PROMPT | Using the records below, repeat exactly the lines from the one holding "Планировка 1-комнатной квартиры" through the one holding "Ansichten über Bremen, in", both ends included, and no others.

MATERIAL FOR THIS TASK |
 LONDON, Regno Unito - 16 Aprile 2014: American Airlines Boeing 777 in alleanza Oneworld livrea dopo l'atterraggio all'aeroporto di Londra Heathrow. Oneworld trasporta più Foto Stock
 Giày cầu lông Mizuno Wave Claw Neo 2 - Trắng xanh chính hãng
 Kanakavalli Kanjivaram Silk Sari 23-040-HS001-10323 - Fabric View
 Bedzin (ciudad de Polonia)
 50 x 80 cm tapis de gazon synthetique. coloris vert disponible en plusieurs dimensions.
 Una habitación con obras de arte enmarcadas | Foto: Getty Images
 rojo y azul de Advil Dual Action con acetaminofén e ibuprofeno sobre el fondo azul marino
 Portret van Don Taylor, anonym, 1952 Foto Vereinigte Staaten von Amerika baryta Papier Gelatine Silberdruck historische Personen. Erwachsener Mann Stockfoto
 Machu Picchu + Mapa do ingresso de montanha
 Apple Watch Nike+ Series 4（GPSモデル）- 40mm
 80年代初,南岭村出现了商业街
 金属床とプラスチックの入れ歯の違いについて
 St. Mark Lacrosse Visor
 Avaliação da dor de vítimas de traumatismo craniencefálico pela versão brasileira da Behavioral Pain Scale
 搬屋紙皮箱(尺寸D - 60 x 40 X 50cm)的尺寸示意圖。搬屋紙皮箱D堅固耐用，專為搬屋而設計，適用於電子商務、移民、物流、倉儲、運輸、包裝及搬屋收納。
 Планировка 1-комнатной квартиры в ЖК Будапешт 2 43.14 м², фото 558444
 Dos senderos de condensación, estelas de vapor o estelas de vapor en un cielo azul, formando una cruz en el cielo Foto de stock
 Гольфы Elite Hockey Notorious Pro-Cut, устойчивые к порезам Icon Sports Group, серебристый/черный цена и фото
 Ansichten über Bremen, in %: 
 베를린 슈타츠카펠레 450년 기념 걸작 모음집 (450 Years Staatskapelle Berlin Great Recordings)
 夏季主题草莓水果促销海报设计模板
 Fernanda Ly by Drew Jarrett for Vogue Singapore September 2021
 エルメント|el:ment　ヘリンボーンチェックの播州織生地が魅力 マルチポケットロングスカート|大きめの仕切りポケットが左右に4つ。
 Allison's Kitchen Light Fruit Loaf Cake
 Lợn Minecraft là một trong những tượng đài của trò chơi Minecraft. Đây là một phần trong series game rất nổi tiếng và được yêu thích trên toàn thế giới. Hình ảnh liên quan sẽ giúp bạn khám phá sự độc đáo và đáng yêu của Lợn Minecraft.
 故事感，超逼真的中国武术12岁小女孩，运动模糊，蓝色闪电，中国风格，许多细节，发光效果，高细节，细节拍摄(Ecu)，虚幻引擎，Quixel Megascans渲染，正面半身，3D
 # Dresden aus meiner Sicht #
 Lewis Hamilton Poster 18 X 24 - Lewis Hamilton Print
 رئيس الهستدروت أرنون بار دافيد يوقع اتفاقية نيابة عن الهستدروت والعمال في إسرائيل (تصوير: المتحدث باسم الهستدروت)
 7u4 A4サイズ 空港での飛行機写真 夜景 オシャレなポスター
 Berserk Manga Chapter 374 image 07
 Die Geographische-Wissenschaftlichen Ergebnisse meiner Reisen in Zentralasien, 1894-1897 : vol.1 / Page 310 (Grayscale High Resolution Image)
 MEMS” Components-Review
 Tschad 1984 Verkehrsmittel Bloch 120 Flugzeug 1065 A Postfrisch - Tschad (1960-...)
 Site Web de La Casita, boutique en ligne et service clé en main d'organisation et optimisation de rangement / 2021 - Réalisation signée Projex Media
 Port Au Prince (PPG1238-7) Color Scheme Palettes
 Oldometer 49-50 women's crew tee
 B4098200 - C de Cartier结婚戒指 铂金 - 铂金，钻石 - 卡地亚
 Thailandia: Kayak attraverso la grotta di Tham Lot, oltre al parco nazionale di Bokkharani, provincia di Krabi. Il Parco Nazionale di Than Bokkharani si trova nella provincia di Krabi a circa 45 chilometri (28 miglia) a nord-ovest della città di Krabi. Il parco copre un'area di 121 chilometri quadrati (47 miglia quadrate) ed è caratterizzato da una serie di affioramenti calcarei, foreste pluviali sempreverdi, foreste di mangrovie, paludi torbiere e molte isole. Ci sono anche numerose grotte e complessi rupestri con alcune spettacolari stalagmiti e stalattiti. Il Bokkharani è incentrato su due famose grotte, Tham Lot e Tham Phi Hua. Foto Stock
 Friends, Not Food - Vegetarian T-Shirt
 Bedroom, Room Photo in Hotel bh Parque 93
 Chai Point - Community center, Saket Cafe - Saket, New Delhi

RESPONSE |
 Планировка 1-комнатной квартиры в ЖК Будапешт 2 43.14 м², фото 558444
 Dos senderos de condensación, estelas de vapor o estelas de vapor en un cielo azul, formando una cruz en el cielo Foto de stock
 Гольфы Elite Hockey Notorious Pro-Cut, устойчивые к порезам Icon Sports Group, серебристый/черный цена и фото
 Ansichten über Bremen, in %: 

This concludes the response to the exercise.